Under new chief executive and payments-industry veteran Greg Cohen, the 11-year-old, Novi, Mich.-based company came to the conclusion that its growth in weaving payments into business software indicated a new identity. “We are a guided platform for software,” Cohen says. “Our job is to take payments and make it invisible. It just happens within the software.”
That emphasis on payments integration for software developers has paid off in recent years. Processing volume has grown 46% over the past year, all of it organic, that is, from existing operations, according to the company. Revenues have quintupled over the past two years. Fortis does not release absolute numbers, though Cohen says volume is now “well north of $15 billion,” with a merchant base of some 20,000 businesses, with many in the health-care, specialty retail, and business-to-business categories.
Now, by dropping the “Pay” from its name, the company is signaling its emphasis on partnering with providers of business software says Cohen, who took on the CEO title in July after having assumed the role of executive chairman in October 2019. “We’re grounded in payments but now we’re [also] grounded in a payments-enablement platform,” he says. The platform, he adds, provides a “single integration point” for multiple scenarios. “It’s a platform where you can walk, jog, or run,” he says.

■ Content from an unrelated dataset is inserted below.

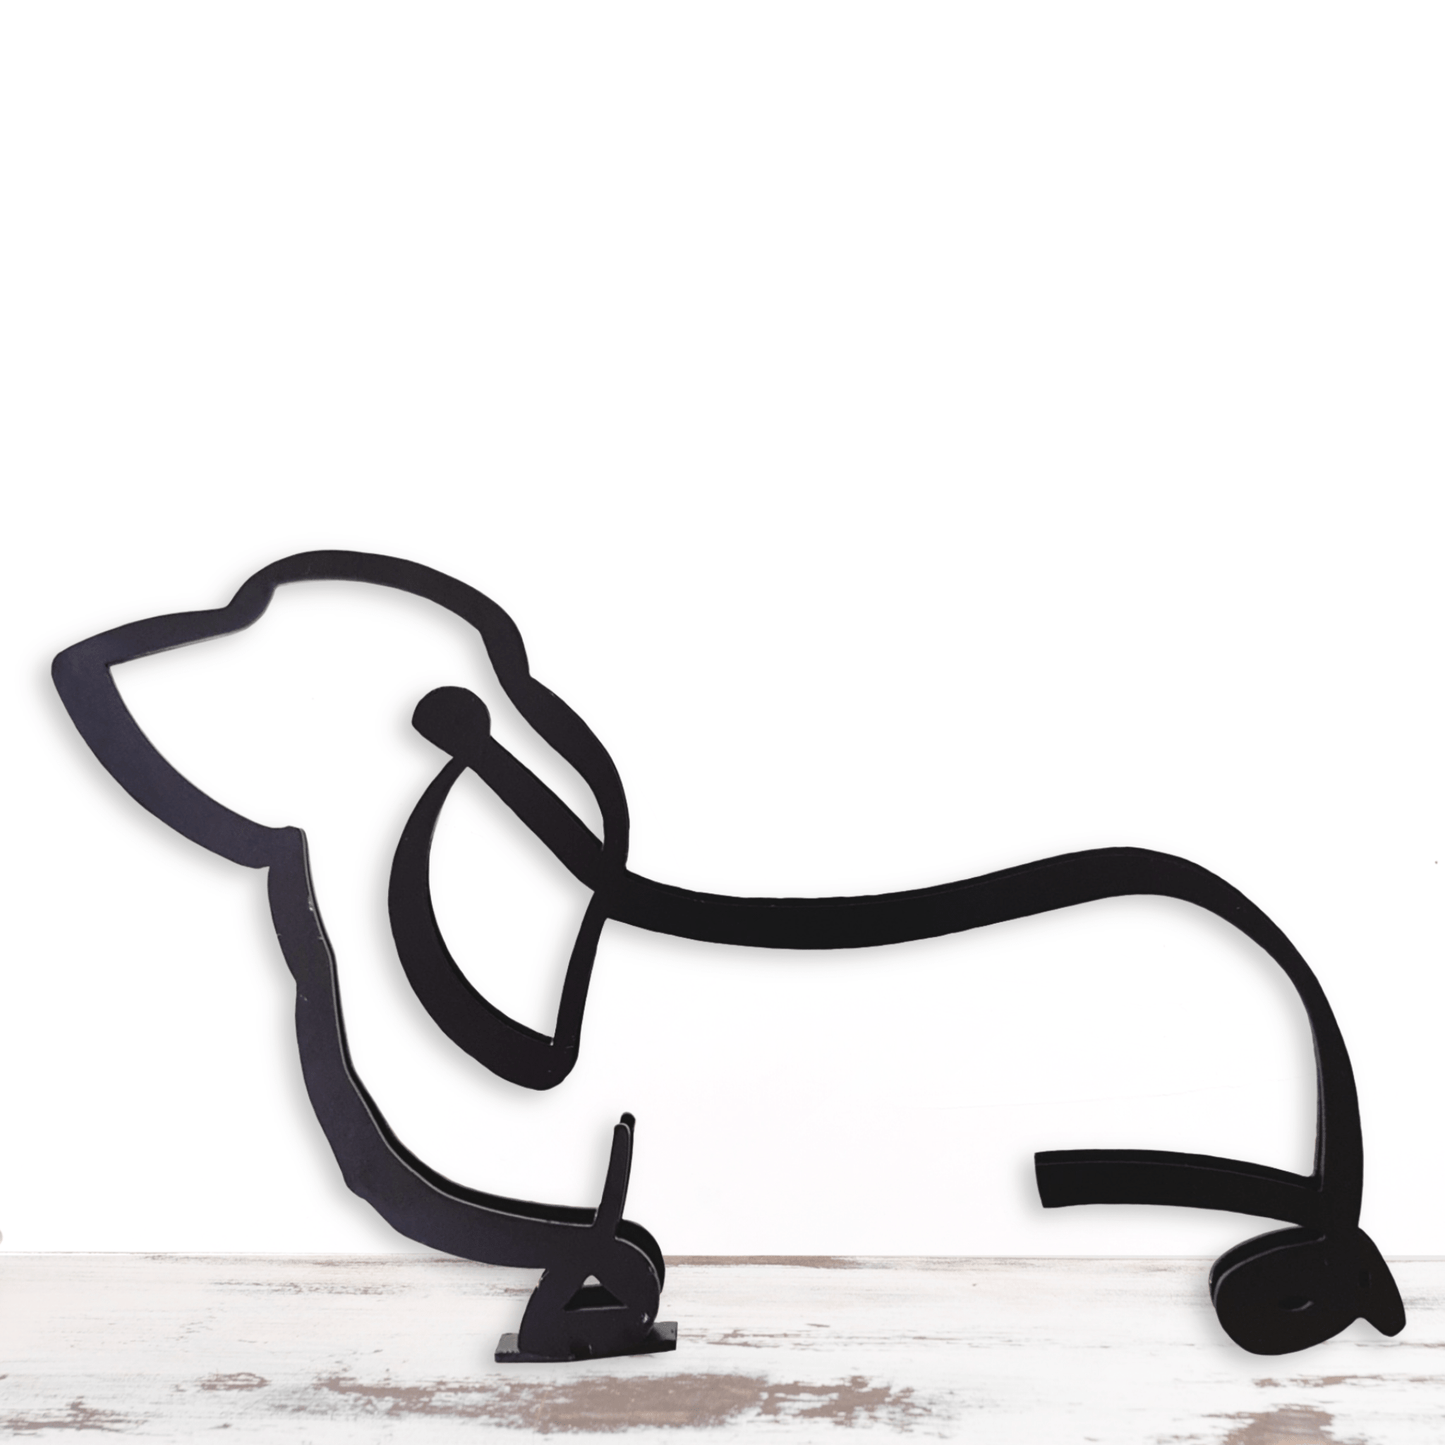 Cute Minimalistic Basset Hound Metal Dog Sculpture Statue - Doggo - Zone

Cohen is a veteran in the acquiring business, having served in high-level roles with such firms as Paya, iPayment, Cayan (now part of Global Payments), Verifone, and Moneris (now part of FIS Inc.). Now, by stressing Fortis’s role in making payments “just happen within the software,” Cohen is out to ratchet up growth through its work with business-software developers. “Our job is to make software providers stronger,” he says. “We make their software stronger.”